Around the country, states are beginning to release people from prison who thought they would be there for life.

Following a 2012 U.S. Supreme Court decision that it's unconstitutional for juveniles convicted of murder to automatically be sentenced to life in prison without the possibility of parole, some 2,500 cases across the country must be reviewed.

Here in Massachusetts, the state Parole Board has reviewed 20 juvenile cases so far — granting parole to nine people so long as they meet certain conditions before they're released.

One of the most well known cases is that of Joe Donovan, who threw a punch that led to the murder of MIT student Yngve Raustein. Donovan has been incarcerated for murder since 1992, when he was 17 years old. Last year he was granted parole. This August he turns 40.

We recently met with Donovan in a small conference room at the minimum security facility in Bridgewater where he was transferred six months ago. Dressed in jeans and a T-shirt, Donovan is able to walk around here unshackled and attend several programs.

Donovan says this is vastly different from the maximum security facilities where he's been for the past 23 years — most of that time spent in solitary confinement, an experience Donovan says may have helped him.
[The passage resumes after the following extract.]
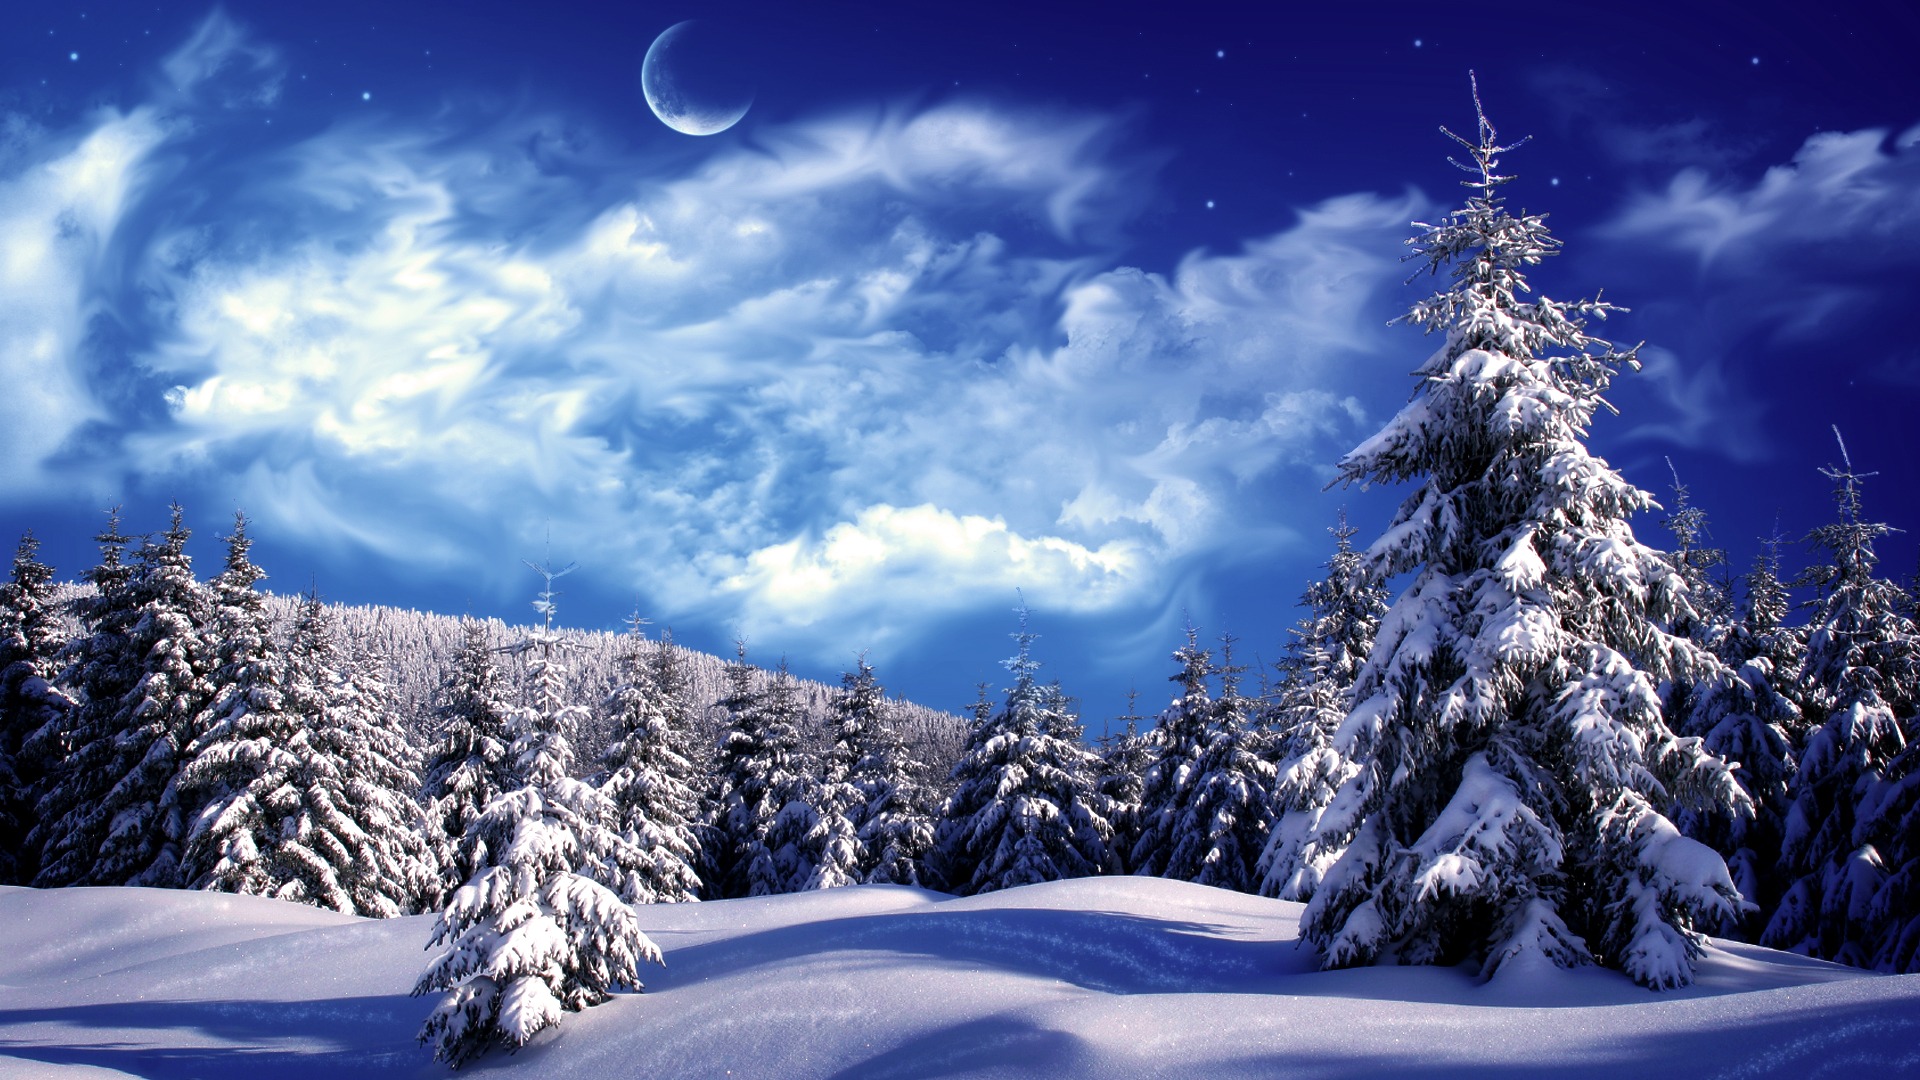 Christmas Winter Scenes Wallpaper Which Is Under The

"I would like to think that if I could emotionally make it through that then I could make it through being free," he says. "Maybe because I was so young, or just my personality in general, because I've got attention deficit disorder, that it made me sort of focus on myself."

During his parole hearing last year, officials pointed to Donovan's record in prison and to several violent incidents — especially when he was first sent to the state prison at Walpole.

"It was a more violent place back then and where they had me was the most violent," Donovan says. "[Now] I don't feel the need to prove myself and I don't feel threatened, and not feeling threatened is a big part of not being violent. I thought I had to survive that way.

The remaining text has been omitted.